◆ Your goal ◆
Give back, exactly and with nothing else, the lines running from the one that contains "L'intérieur, la cathédrale" to the end of the entries below; do not include pictures.

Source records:
BEGIN

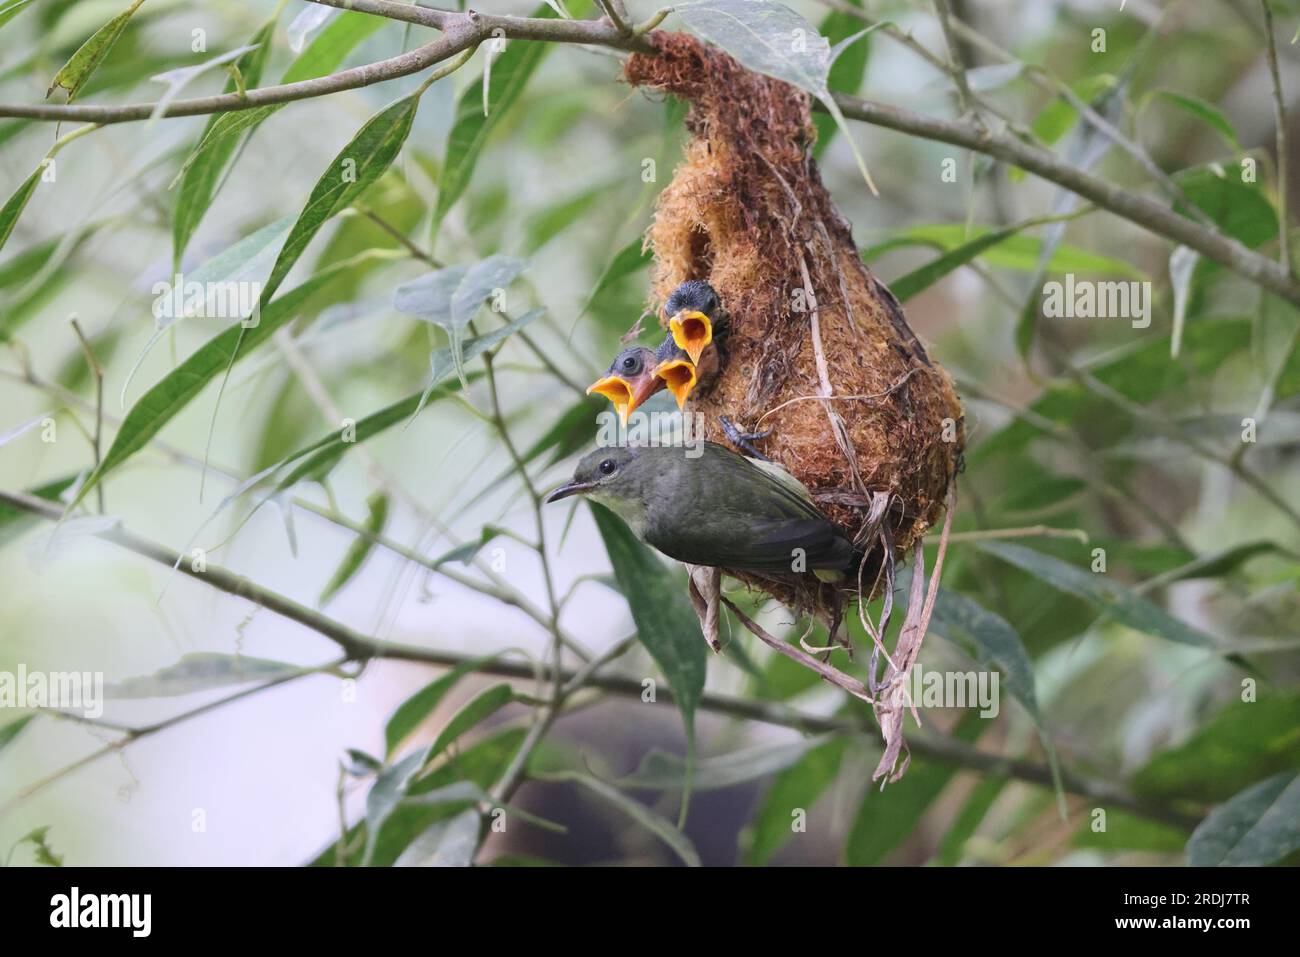 Il picchio di fiori con il becco d'arancio (Dicaeum trigonostigma) è una specie di uccello della famiglia Dicaeidae. Questa foto è stata scattata nell'isola di Luzon, nelle Filippine Foto Stock
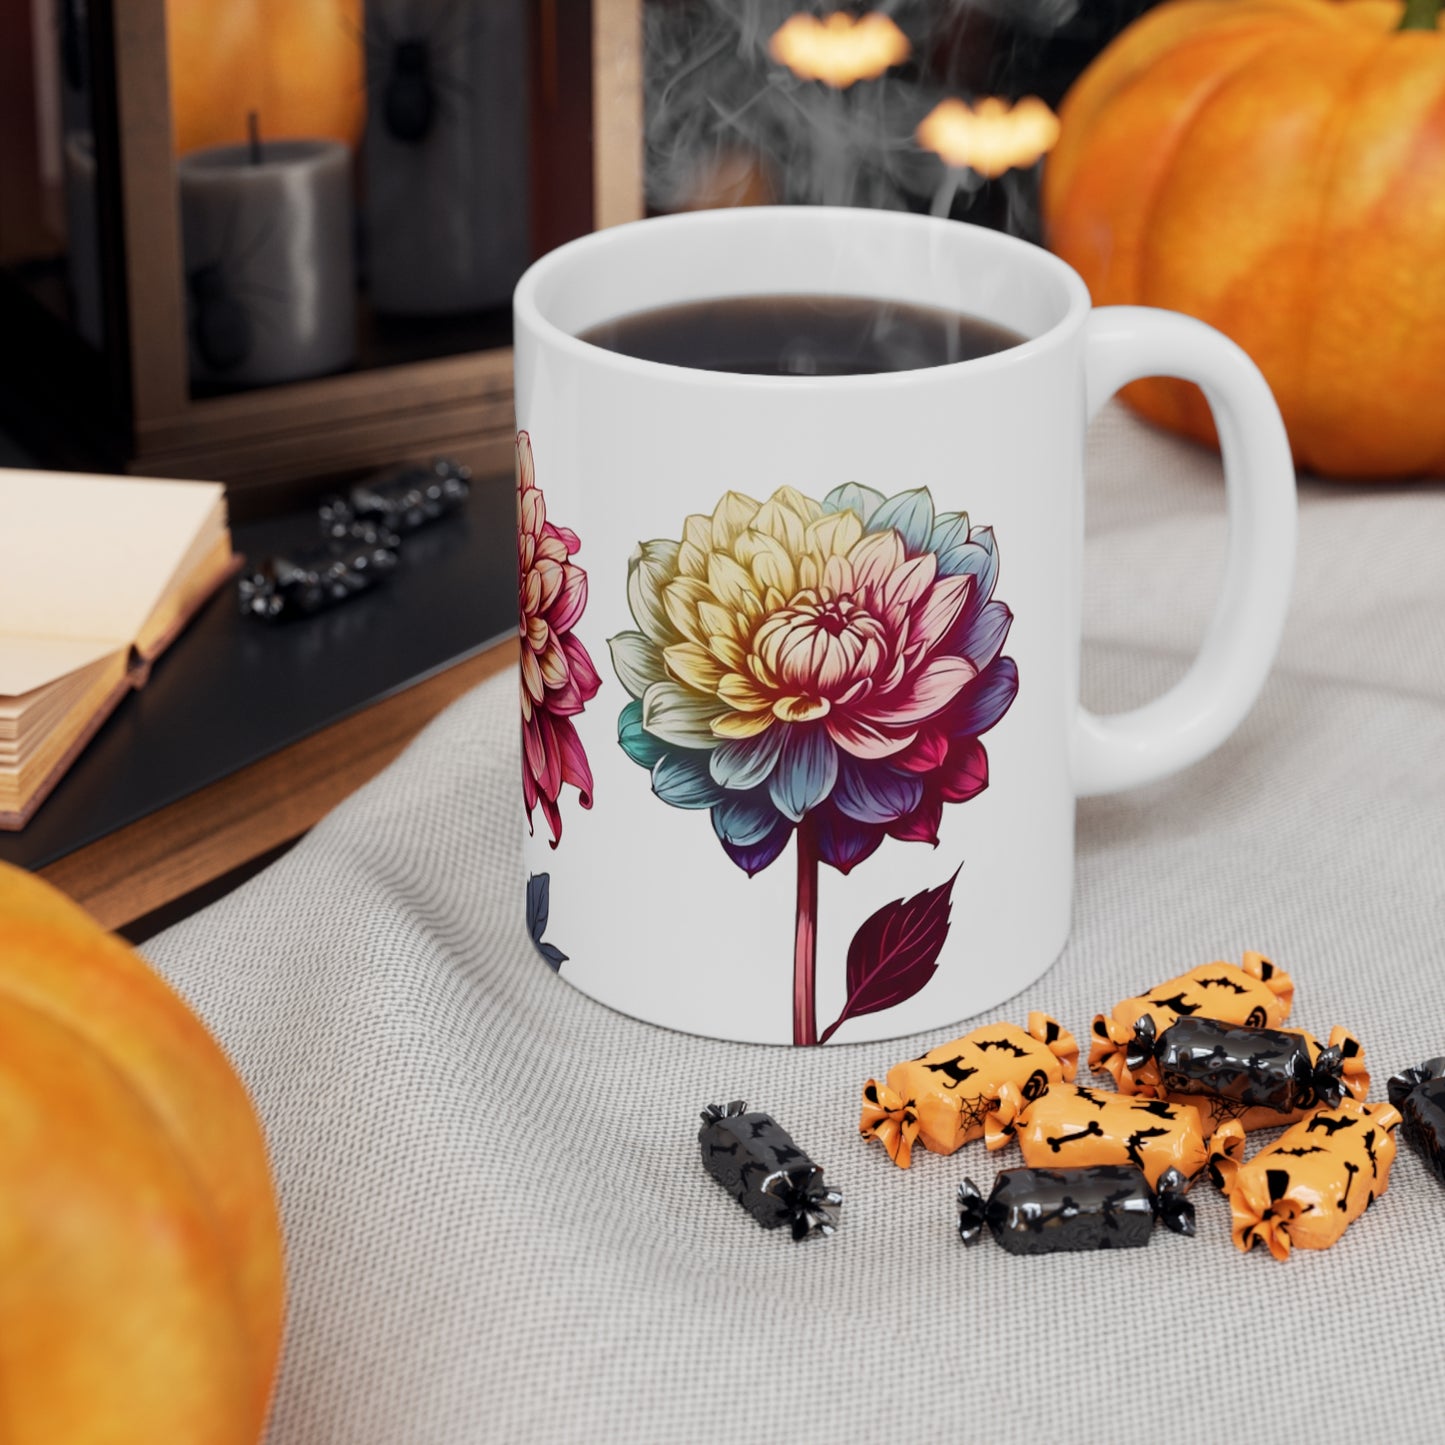 Colourful Dahlia Flowers Mug - Ceramic Coffee Mug 11oz
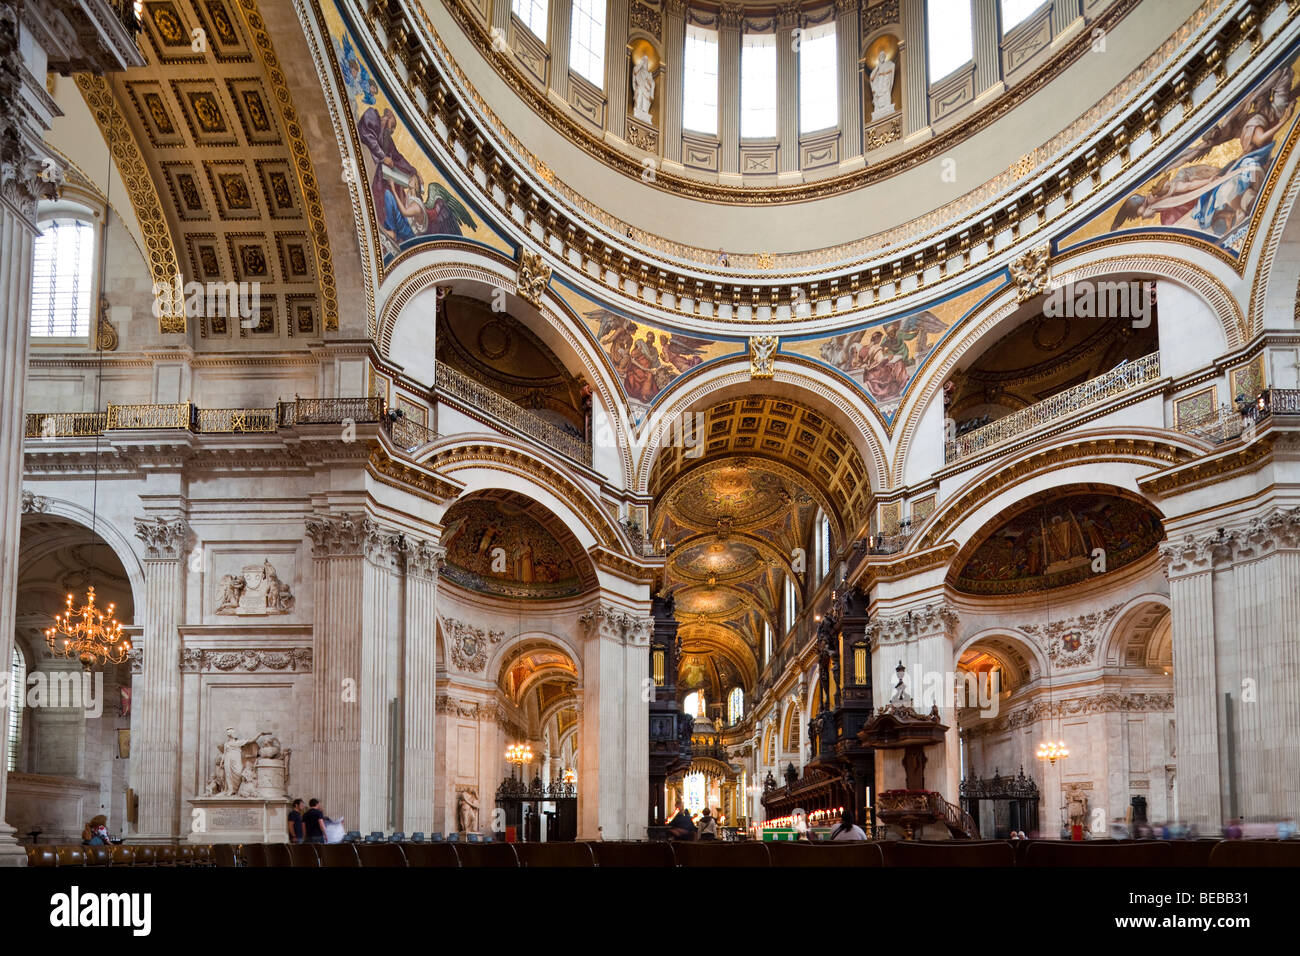 L'intérieur, la cathédrale St Paul, London, England, UK Banque D'Images
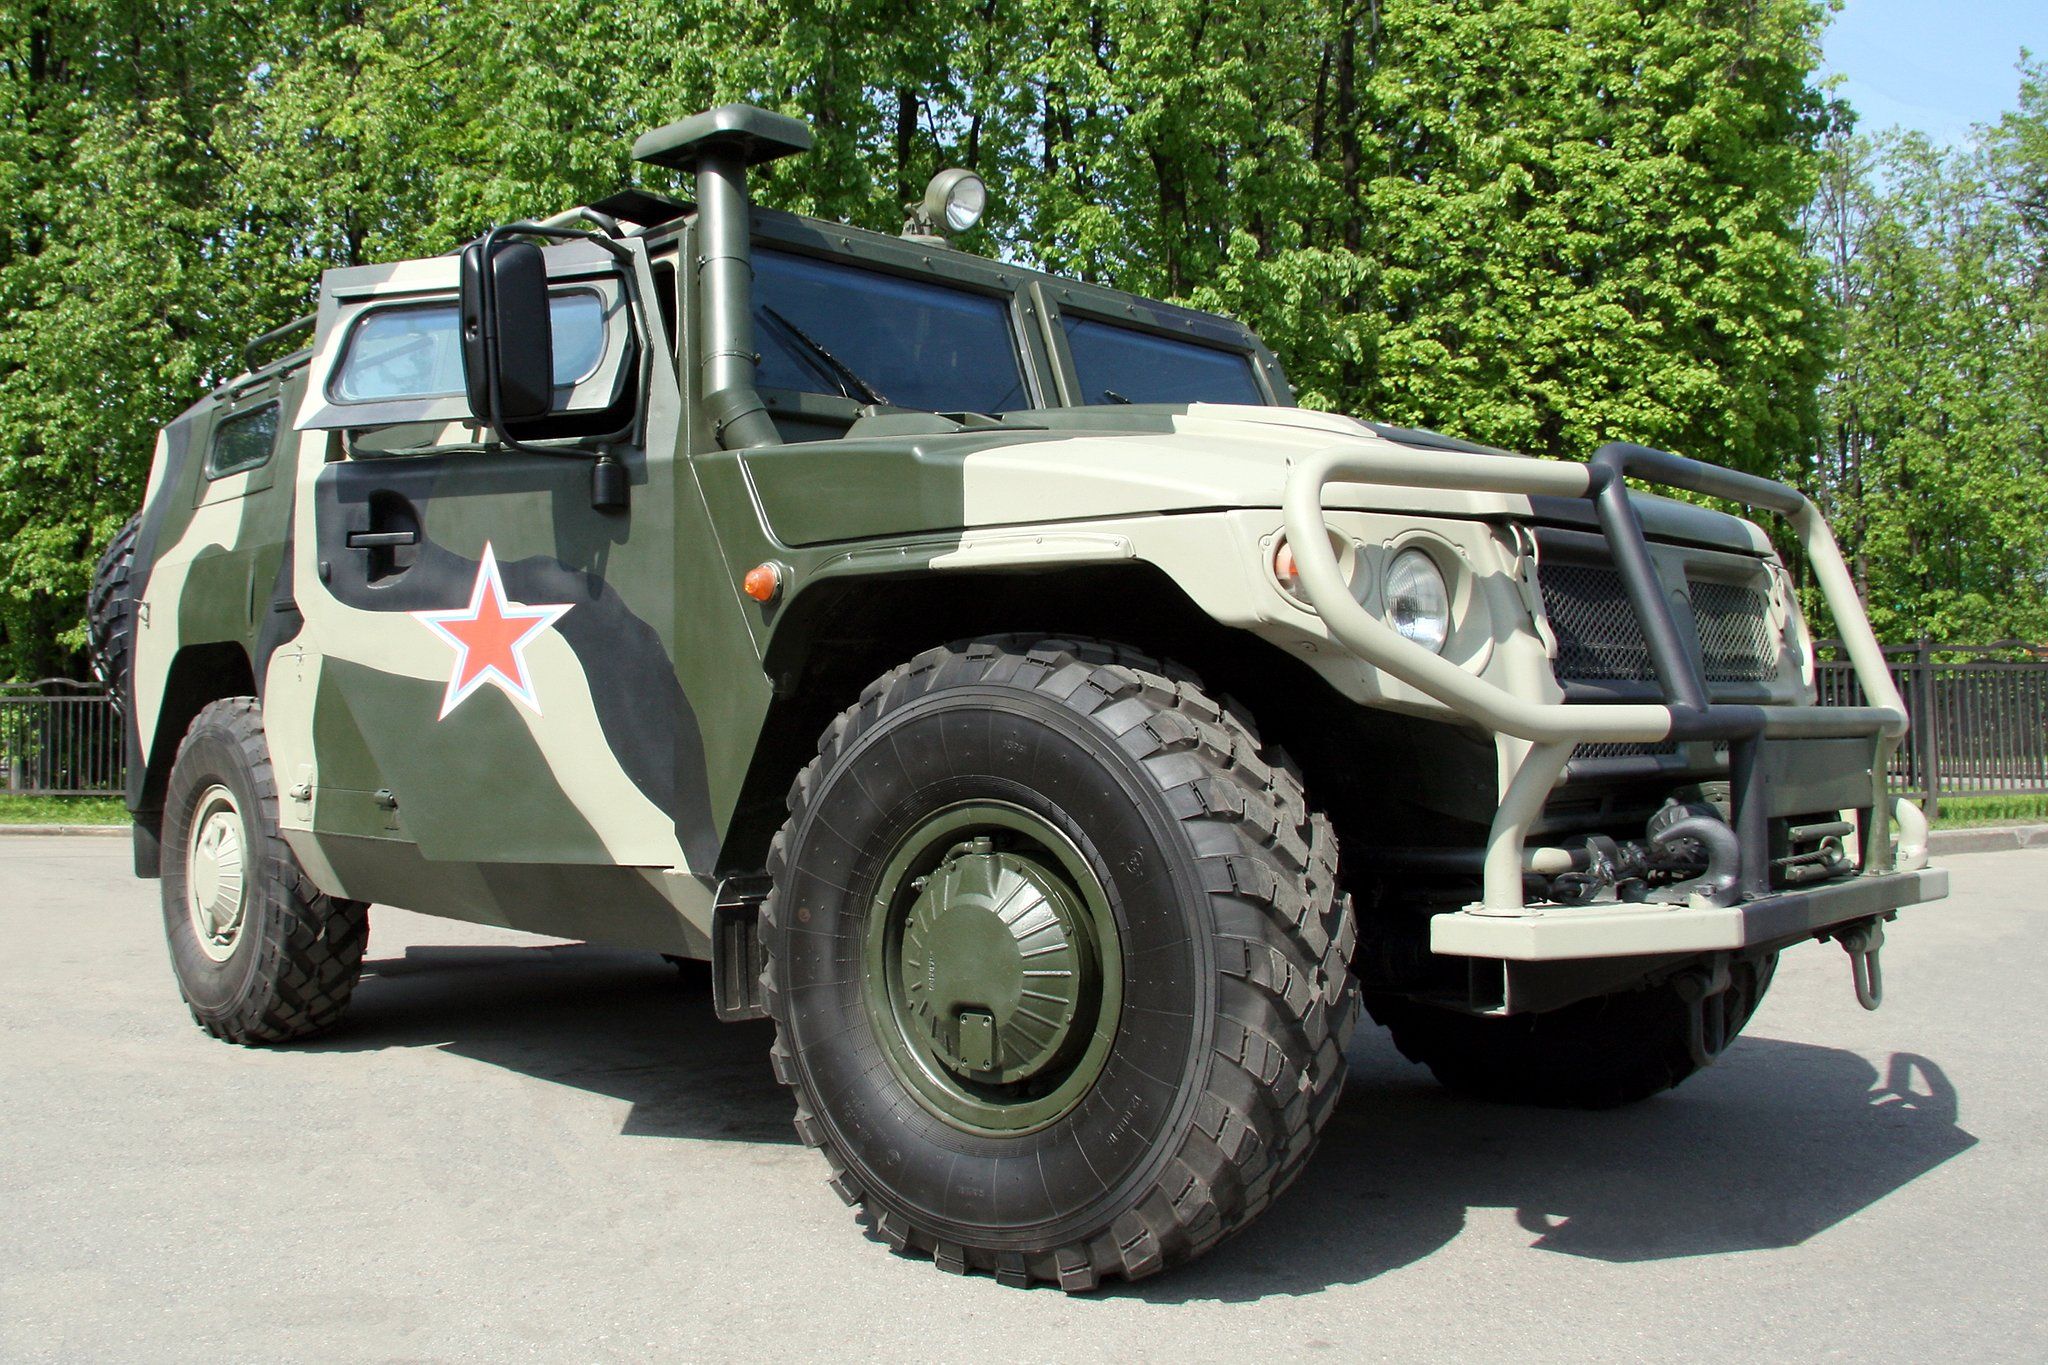 2005 GAZ 233036 SPM 2 Tiger military police emergency 4x4 awd swat
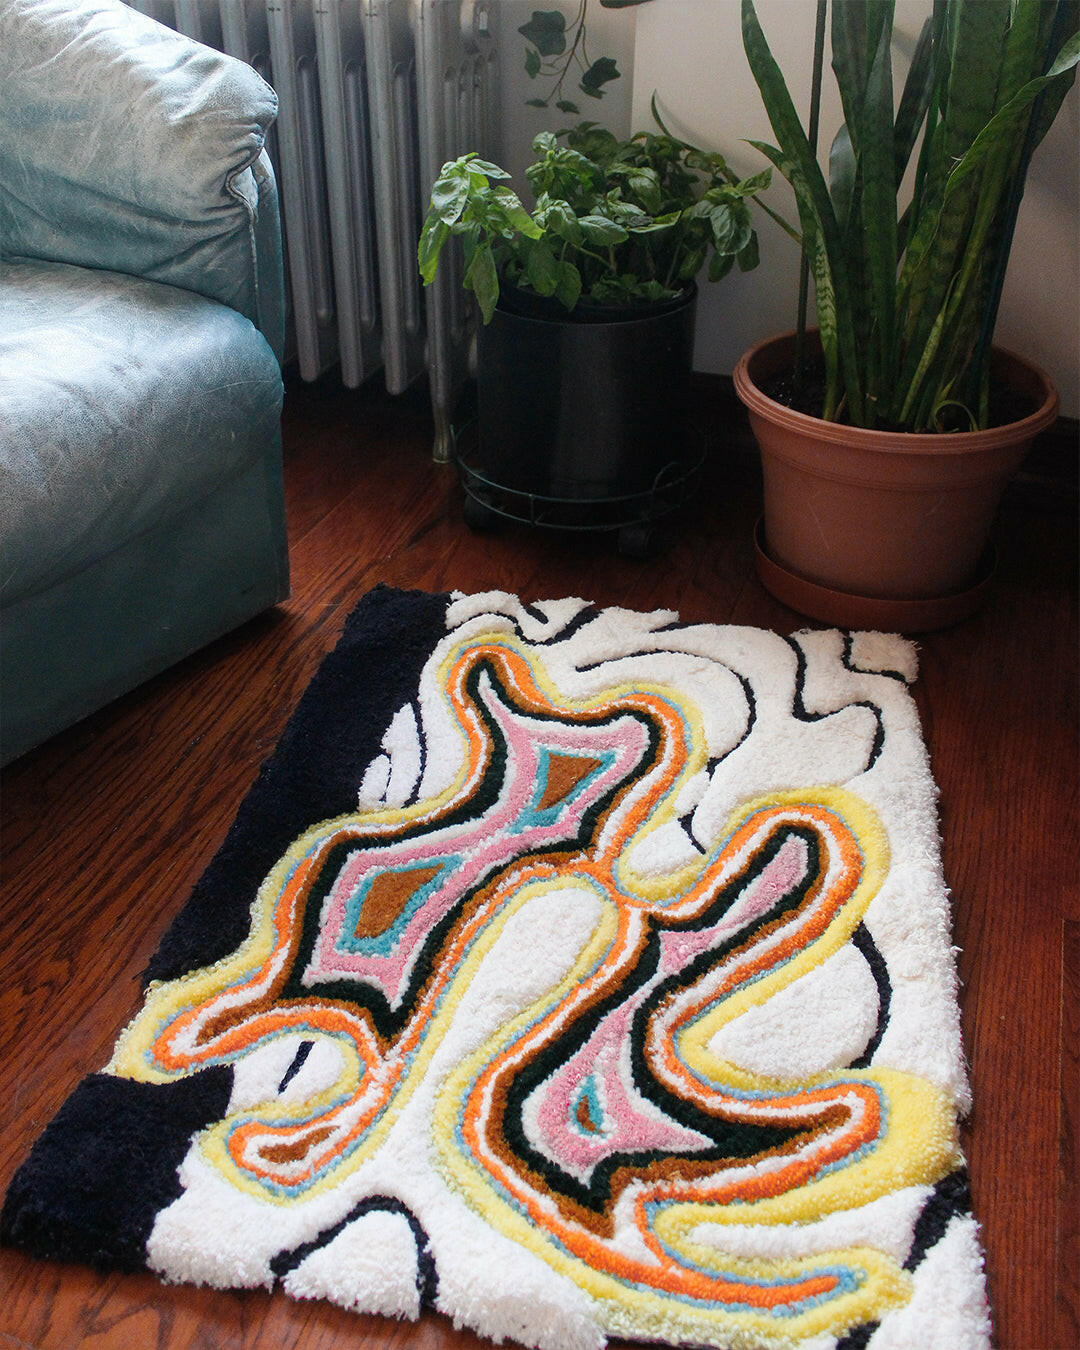 Modern funky abstract area rug by indie homeware brand Jubi NYC. 100% wool handmade to order.

END

◆ Result ◆
 L'intérieur, la cathédrale St Paul, London, England, UK Banque D'Images
 2005 GAZ 233036 SPM 2 Tiger military police emergency 4x4 awd swat
 Modern funky abstract area rug by indie homeware brand Jubi NYC. 100% wool handmade to order.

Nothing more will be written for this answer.